Il mistero nella campagna 2018 della Campari

La recente campagna pubblicitaria della Campari è un bellissimo esempio di trasposizione di alcuni registri cinematografici applicati alla comunicazione pubblicitaria. Cose già fatte, in precedenza, ma in questo caso ciò che prevale è un uso consapevole di un linguaggio visivo, a cui di volta in volta si dà una certa inclinazione, lieve quanto basta, per ricodificare il messaggio visivo in un messaggio pubblicitario.
La scelta della Campari di assegnare a Stefano Sollima questo compito mi sembra molto centrata, e la realizzazione secondo gli stilemi attuali dell'action-movie, incentrati sulla dinamicità del racconto e su una crudezza narrativa, creano uno stato di tensione e di suspance, che tengono avvinto lo spettatore sia allo svolgimento della vicenda narrativa, sia al messaggio pubblicitario, che in diverse forme mimetiche è costantemente presente nell'esposizione visiva.
La storia è interamente incentrata su una vicenda da spy-story, incentrata cioè alla rivelazione di un'identità ignota. In questo caso, l'identità da svelare è quella di un misterioso bartender noto con l'eponimo di Red Hand: il nome deriva da un'ingegnosa campagna publicitaria che mostra le mani di un barman inguantate da lattice rosso e di cui non si conosce il volto del preparatore di cocktail. Eo allora, che viene a profilarsi il mistero sull'identità del barman, presunto fulcro narrativo di una storia che coinvolge principalmente l'unica autentica protagonista dello short-movie della Campari, una fotoreporter di nome Mia Parc impersonata dall'attrice americana Zoe Saldana.
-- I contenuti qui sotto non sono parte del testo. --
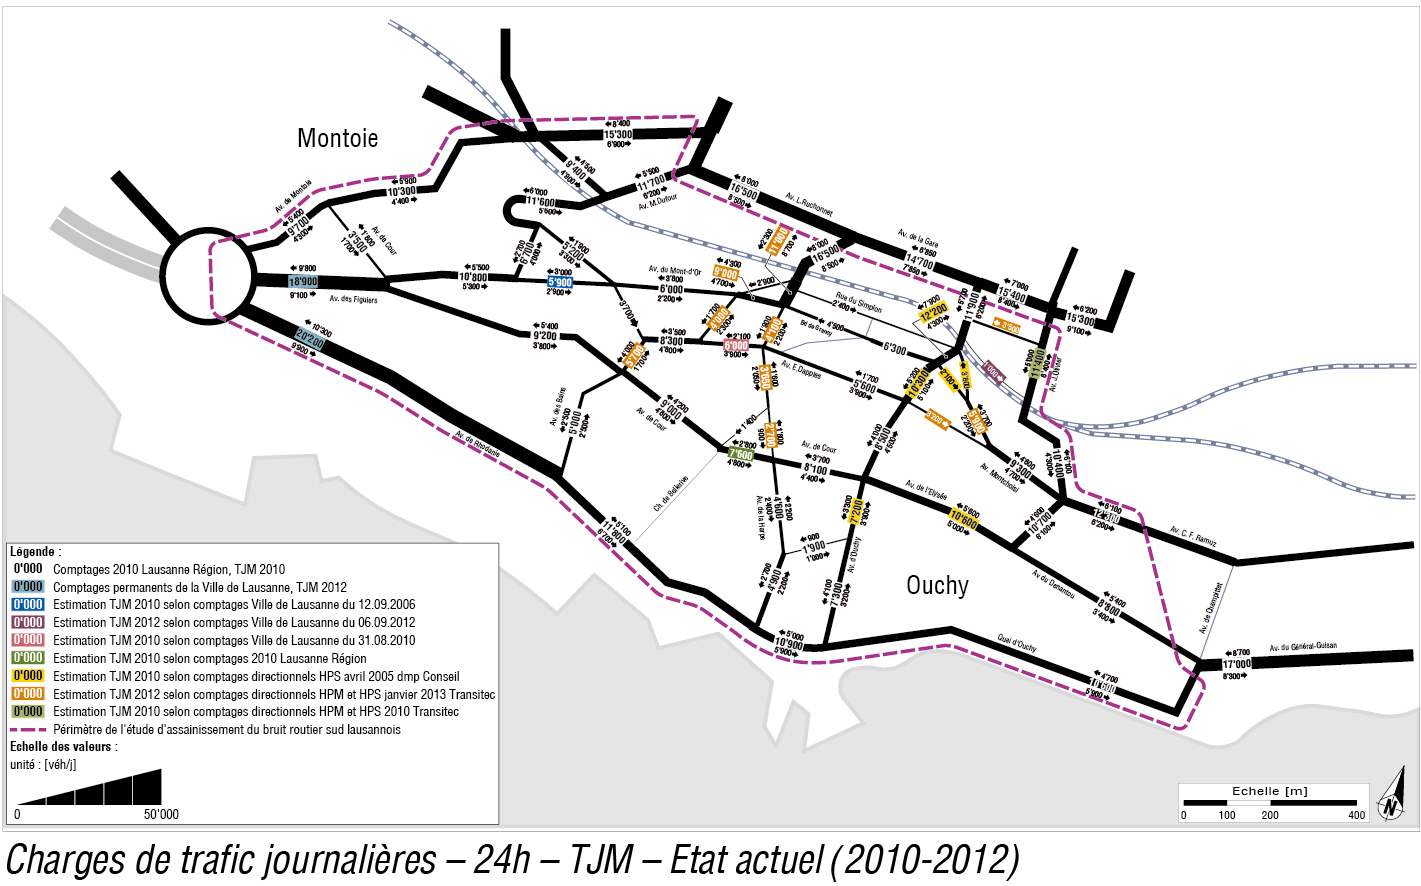 Assainissement du bruit routier – Sud lausannois : établissement du plan de charges TJM 2030

Dico "presunto fulcro narrativo", perché l'identità ignota del barman misterioso è il pretesto su cui insiste un tema più decisivo, tanto che una volta scoperto da parte della protagonista la finzione che soggiace allo evento di Red Hand (diversi professionisti si susseguono nel ruolo, coperti dalla finzione di questo Red Hand), il filmato non perde in suspance e di appeal, anzi la nuova situazione narrativa basata su una passione amorosa modifica il tema iniziale del filmato in una ricerca d'amore. Nel cambio di prospettiva il ruolo del magico aperitivo della Campari ne viene rafforzato, divenendo sempre in ogni occasione il coprotagonista della vita di ognuno dei personaggi coinvolti nella storia: ciò vuol dire che di riflesso, il succoso liquido rosso della Campari è coprotagonista assoluto dei momenti più importanti della vita dello spettatore e quindi del consumatore.
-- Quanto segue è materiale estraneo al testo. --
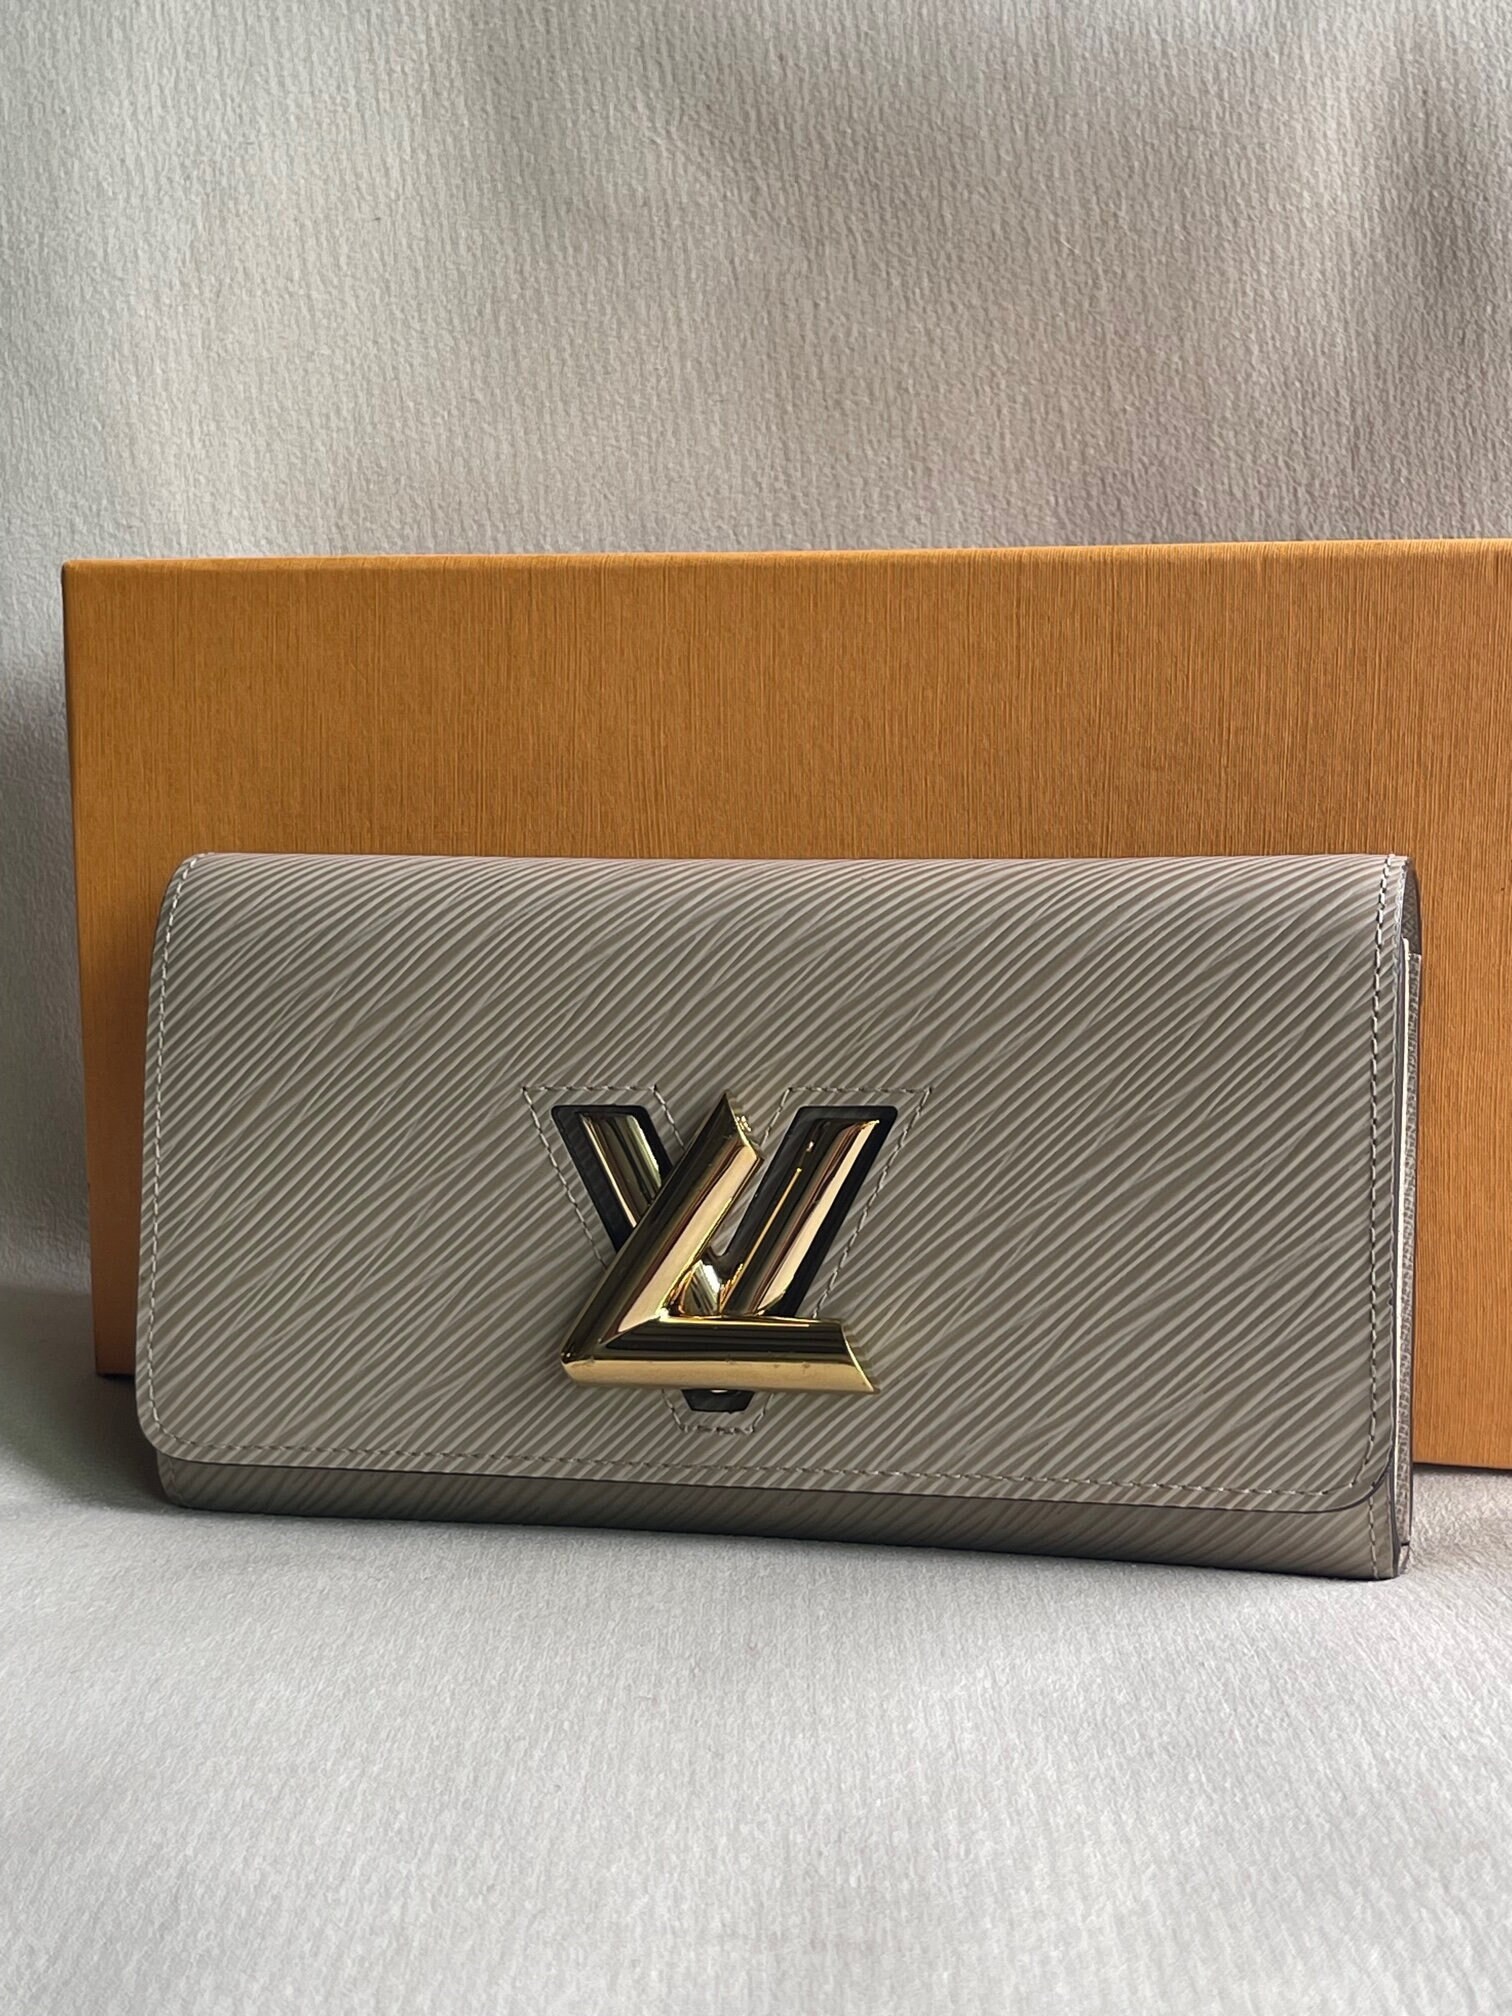 Louis Vuitton lv money clip  Leather goodies, Purses and bags, Louis  vuitton

Anche in questo caso il linguaggio del cinema fa presa sui sentimenti e sulle emozioni forti della vita spirituale dell'uomo - nell'episodio precedente la vicenda si sviluppava in un noir con tanto di omicidio -, il che è in sintonia con l'esigenza di collegare il prodotto dello short-movie alla vita del suo consumatore tipo, ma è anche un'esigenza narrativa, in quanto le qualità del prodotto appaiono con maggiore evidenza se veicolate attraverso, diciamo così, gli occhi del consumatore. Tuttavia, il filmato, pur mostrando alcuni evidenti tratti di genere, mostra un certo spaccato dello immaginario attuale delle movide internazionali: la diversa graduazione della luce nei diversi siti della movida delle grandi città del mondo rivela come ad ogni luce di una qualsiasi movida risiede un'ombra, una particolare luce soffusa che ricorda zone di vita inquieta che il luccichìo non sempre riesce a mascherare completamente.